Fine-tuning LLMs for Argument Stance Detection in Unseen Domain

Abstract

Stance detection is the task of identifying the position or opinion of a speaker or a writer on a given topic. For example, whether they are for or against a certain policy, or whether they agree or disagree with a claim. This is a very useful skill for analyzing social media posts, political debates, and other forms of communication.

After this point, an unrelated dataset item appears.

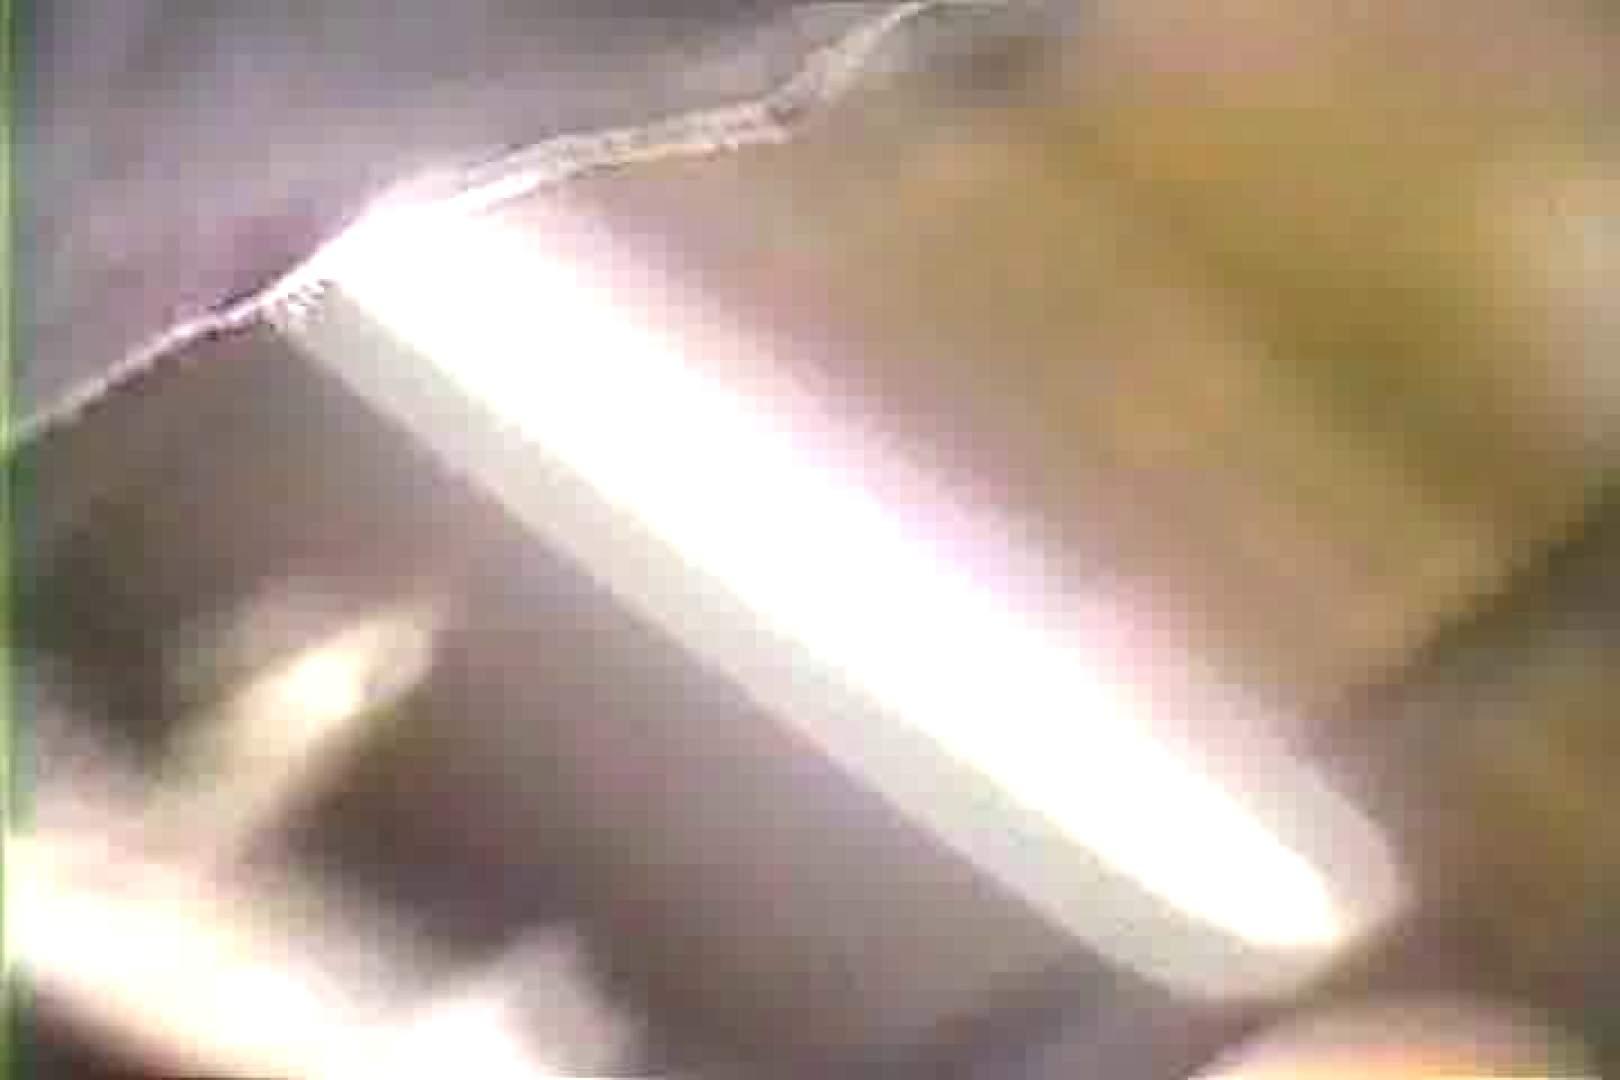 「ちくりん」さんのオリジナル未編集パンチラVol.9_02 チラ  95画像 24

In our work, we fine-tuned various Large Language Models (LLMs) through Low-Rank Adaptation (LoRA) for argument stance detection task on twitter datasets, testing how well they generalize on unseen news articles datasets. We find that MISTRAL-7B outperforms other LLMs, as well as the reported baselines.

Dataset

We used two datasets to train and evaluate our model for stance detection. The first dataset, SemEval2016, contains data from Twitter on six different targets ranging from politics to religion. Each tweet is labeled as either in “Favor”, “Neutral” or “Against” the target. The second dataset, IBM-debater, contains claims and evidence manually collected from hundreds of Wikipedia articles targeting 33 controversial topics. We also used a third dataset, consisting of articles about the murder of Samuel Paty, a French teacher who was killed by a terrorist, to demonstrate a real-world application of our model. This dataset was chosen because it relates to sensitive topics such as religious fundamentalism.

Fine-Tuning

We used Low-Rank Adaptation (LoRA) to fine-tune three large language models (LLMs) for stance detection: MISTRAL-7B, LLAMA-2-7B, and PHI-1.5. We experimented with different values of the LoRA rank hyper-parameter and different proportions of the training set. We also trained and tested our models on both datasets. We found that MISTRAL-7B, was the best performing model for our task, and that it benefited from fine-tuning on both datasets with LoRA rank=16. We also compared the zero-shot performance of MISTRAL-7B with the other LLMs and showed that it was superior to them. Our results demonstrate the effectiveness of LoRA and MISTRAL-7B for stance detection. The performance of the best model (rank=16, trained on both datasets) are reported in the table:

Abortion Atheism Climate change Feminist movement Hillary Clinton SemEval2016 (weighted avg) IBM-debater (weighted avg)
BERTweet (baseline) 0.65 0.76 0.79 0.65 0.69 0.70 -
RoBERTa (baseline) 0.54 0.79 0.80 0.64 0.71 0.68 -
StanceBERTa (baseline) - - - - - - 0.61
MISTRAL-7B-INSTRUCT-V0.1 (zero-shot) 0.54 0.33 0.55 0.57 0.66 0.54 0.44
MISTRAL-7B fine-tuned (ours)* 0.71 0.73 0.84 0.76 0.80 0.76 0.92

Qualitative Evaluation

We used our best model, which is MISTRAL-7B fine-tuned with LoRA rank=16, to predict the stance of arguments extracted from articles about the murder of Samuel Paty, a French teacher who was killed by a terrorist. We used RoBERTArg, a model trained to detect arguments, to obtain the data. We analyzed the strengths and weaknesses of our model and compared it with the baseline, which predicted “Neutral” most of the time. We experimented with different targets for stance detection, such as “Islam”, “Islamism and fundamentalism are bad for French safety and society”, and “Equality”. We found that our model performed better with the short and general target of “Islam”, but it still had some challenges, such as dealing with implicit arguments, factual statements, and nuanced opinions. We also tried to combine the predictions of the stance towards multiple targets, but we did not find a clear advantage of this approach. We concluded that our model showed promising results on unseen datasets, but it also needed further improvement and investigation.

Conclusion

In our experiments, we prove MISTRAL-7B to be the best performing LLM for stance detection, working well even in low data regimes. The most interesting finding is its generalizability on an unseen datasets, even outperforming models fine-tuned on SemEval2016 itself for some classes.